December 14, 2017 by Greg Meckbach, Associate Editor
It will be some old, some new with regard to issues expected to be top of mind for members of the century-old Toronto Insurance Conference (TIC).
An example of the former are information technology developments that are disrupting the insurance industry while an example of the latter is the sunset clause on laws restricting banks selling insurance, notes incoming president Rael Levy.
“One of the things (TIC is) firmly focused on is technology, given the number of disruptive forces that are sort of percolating in the background,” including insurtech and fintech, says the current vice president of TIC, which since 1918 has served as a forum to address concerns to commercial brokerages in the Greater Toronto Area.

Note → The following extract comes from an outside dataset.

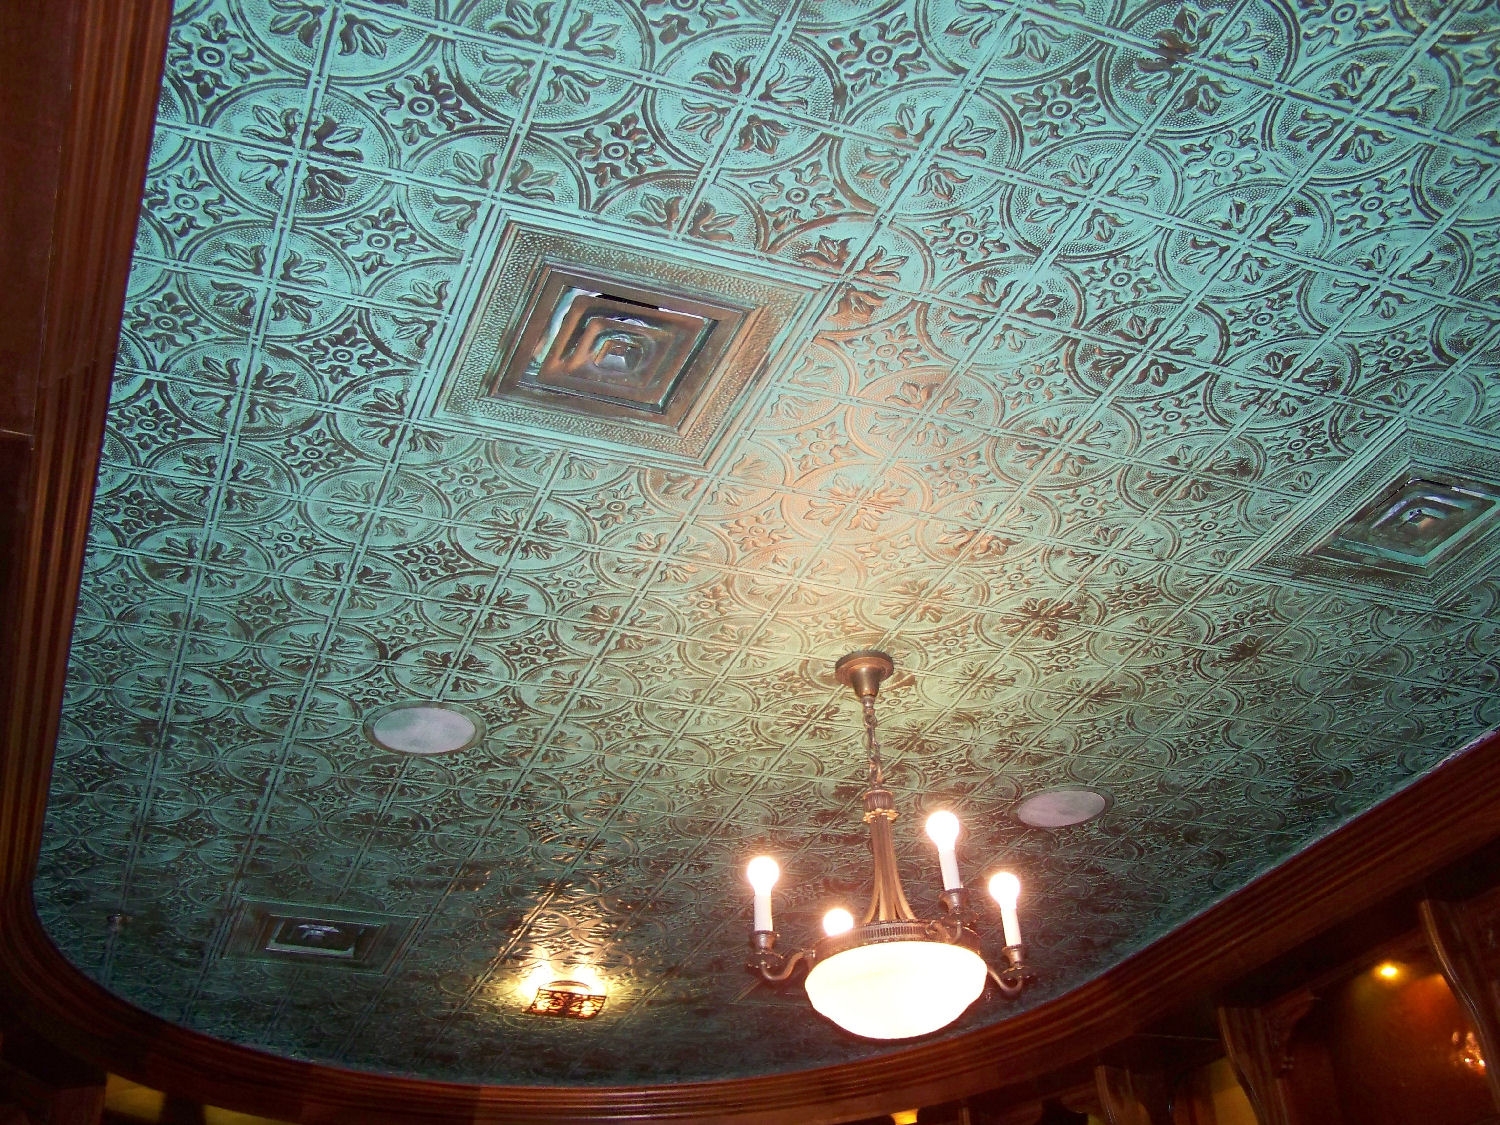 Vintage Copper Ceiling Tiles Vintage Copper Ceiling Tiles punched tin ceiling tiles images tile flooring design ideas 1500 X 1125

Levy is to take over as TIC president this coming March from Michael Loeters, senior vice president of strategic clients and risk management for PROLINK, Canada’s insurance connection.
With disruptive technology, “it’s only natural to assume that some insurers might look to sell direct to the end-customer and to disintermediate the broker,” Levy notes.
“So, the TIC is really looking to steward a conversation on technology and, specifically, how brokers can utilize emerging technology to reduce frictional costs in the insurance transaction, both with the insurers and with the end-customers, to facilitate an easier, more streamlined way of doing business,” he explains.
A lawyer, Levy works near the Air Canada Centre — home of the Toronto Maple Leafs — as assistant general counsel and director of government relations for Marsh Canada Limited. Born in South Africa, he spent his early childhood in Durban and immigrated to Canada in 1994 with his family.